- [EXERCISE DIRECTIONS]: Would you copy the lines below exactly and omit the images?

- [DATA SHOWN]:
╭──
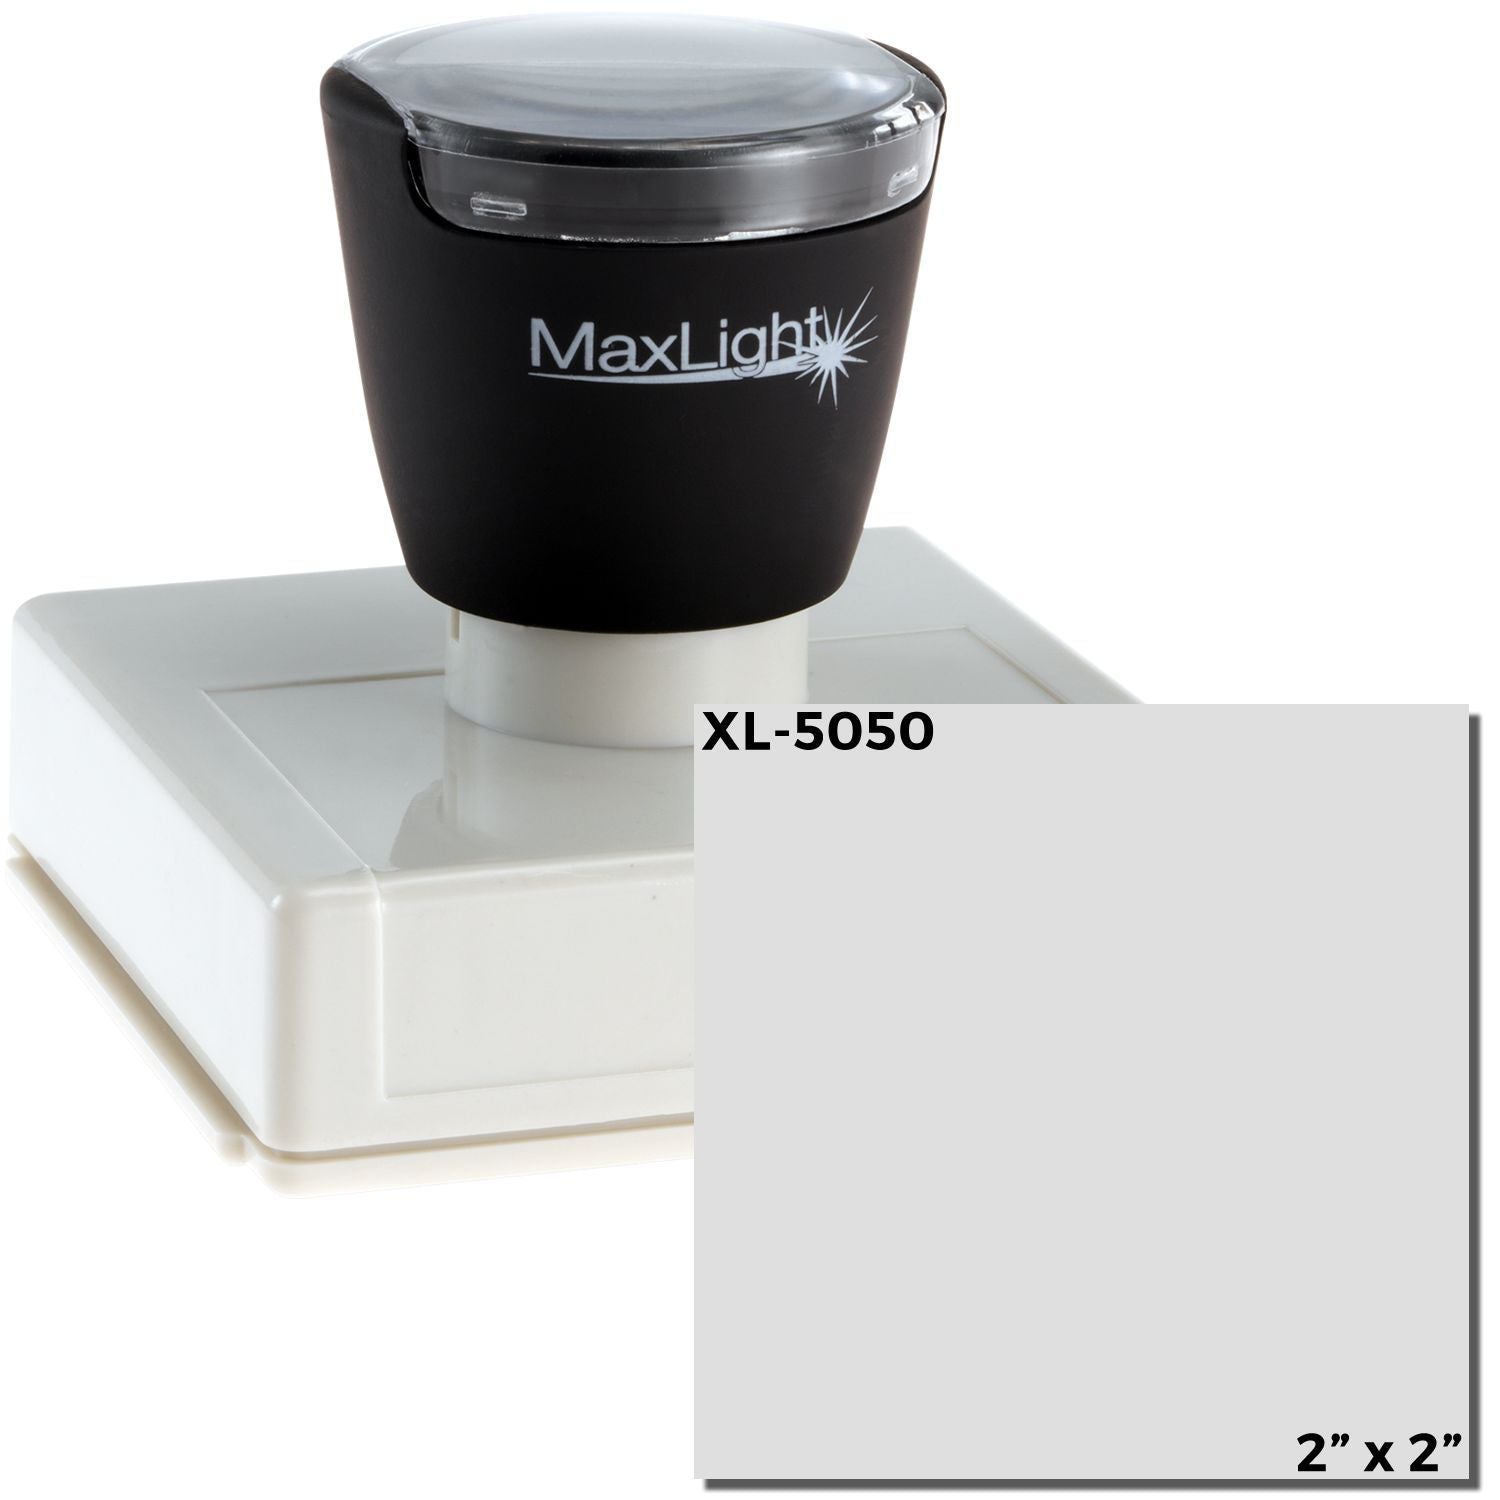 Maxlight Xl2 5050 Pre Inked Stamp 2 X 2 Main Image
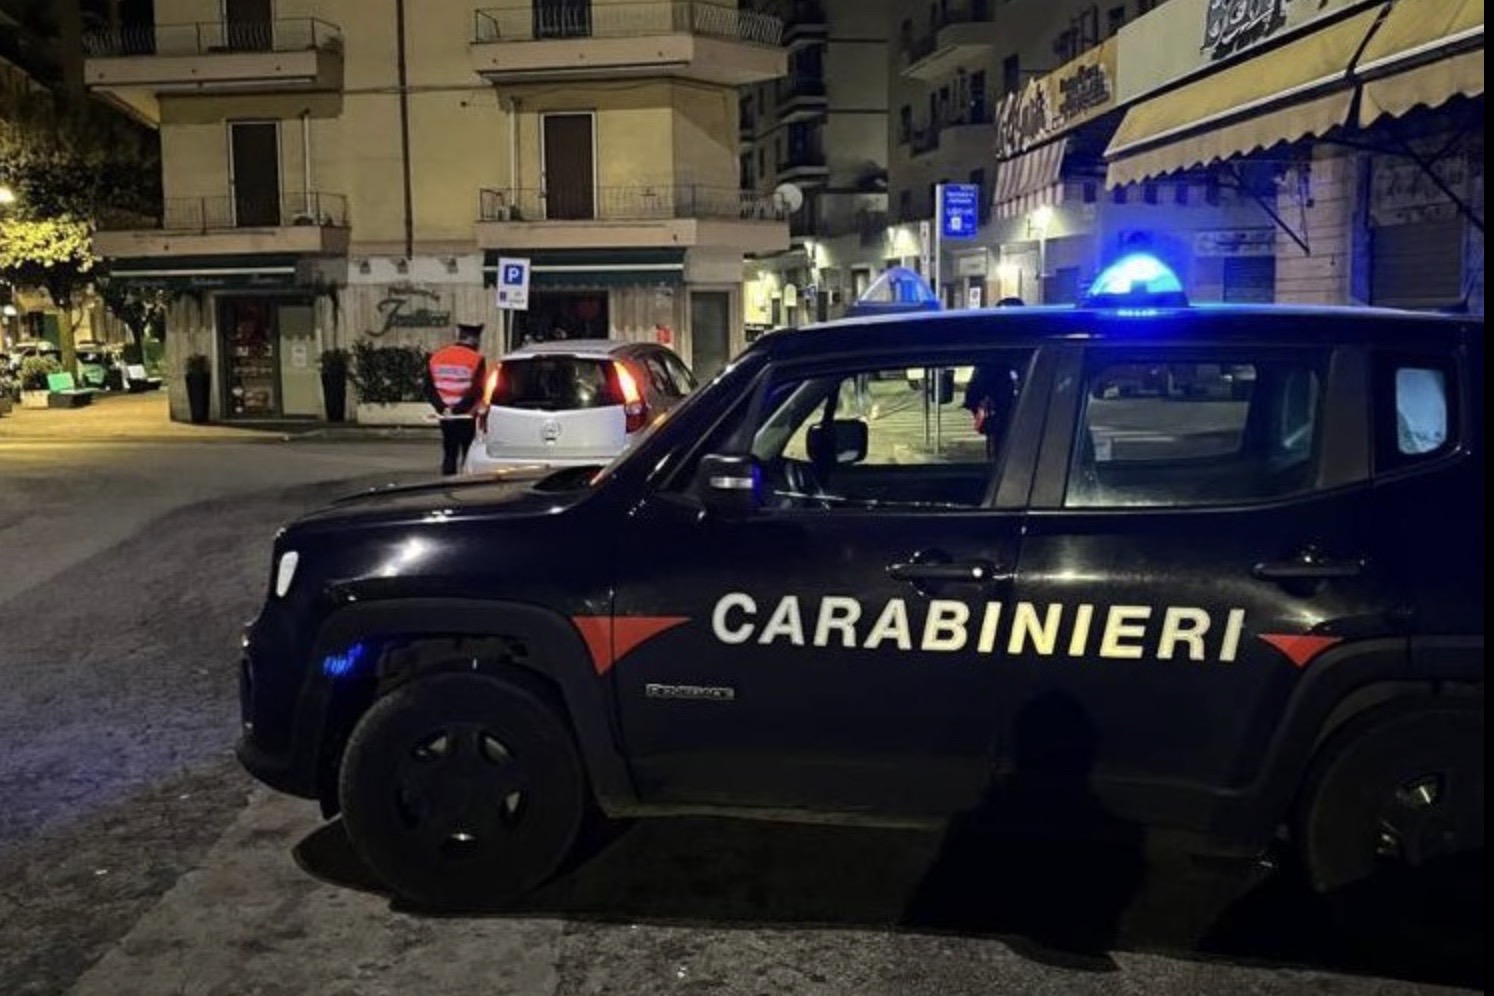 Colleferro: يواصل Carabinieri الفحوصات خلال "Movida"
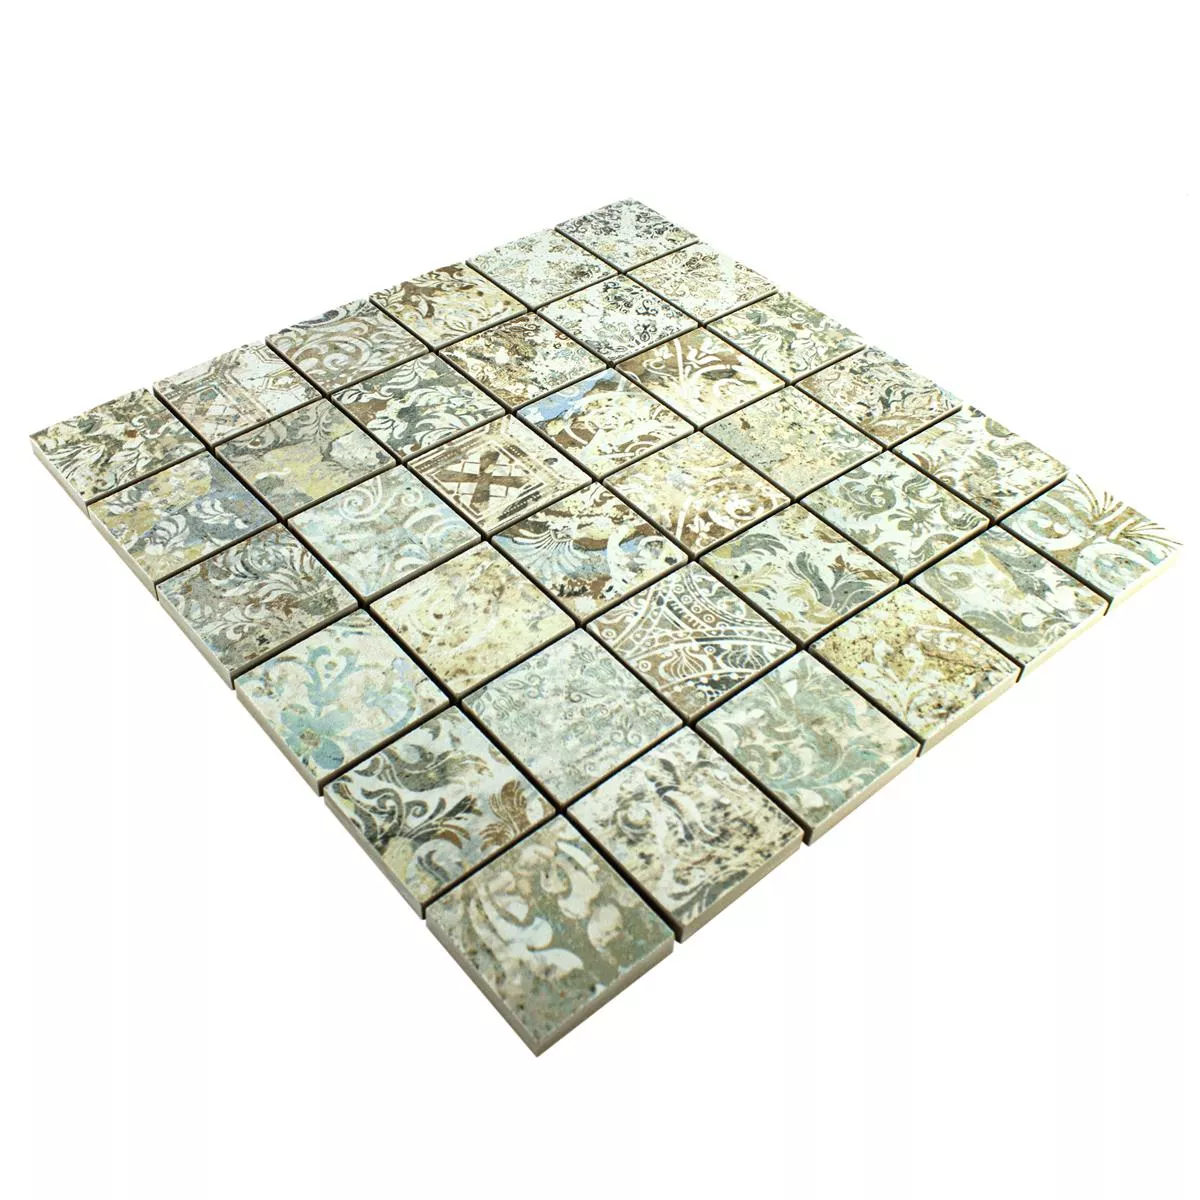 Ceramic Mosaic Tiles Bellona Effect Light Colored 47x47mm
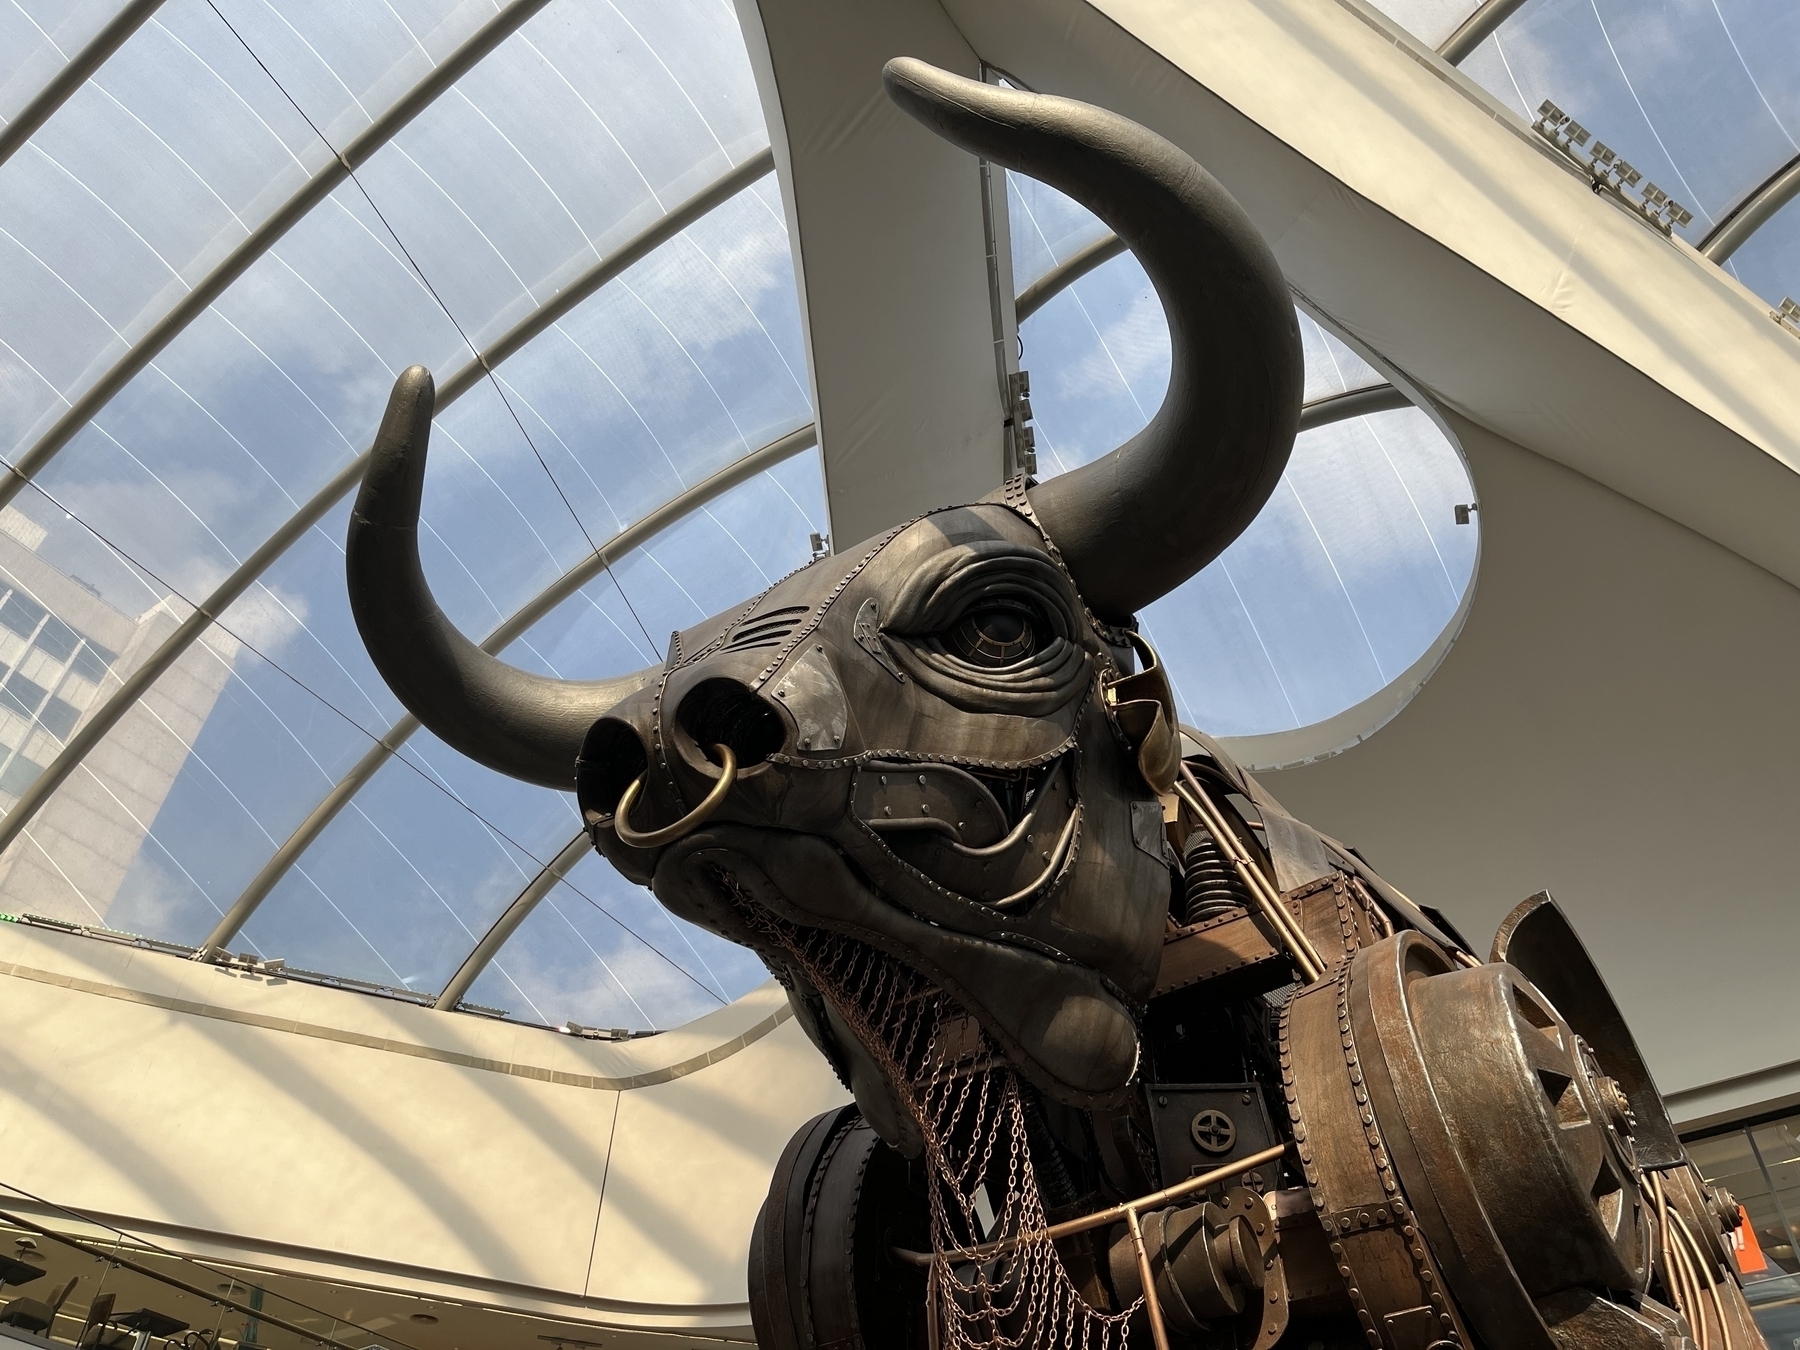 The head of a huge, steel mechanical bull
╰──
- [RESULT BELOW]:
 Maxlight Xl2 5050 Pre Inked Stamp 2 X 2 Main Image
 Colleferro: يواصل Carabinieri الفحوصات خلال "Movida"
 Ceramic Mosaic Tiles Bellona Effect Light Colored 47x47mm
 The head of a huge, steel mechanical bull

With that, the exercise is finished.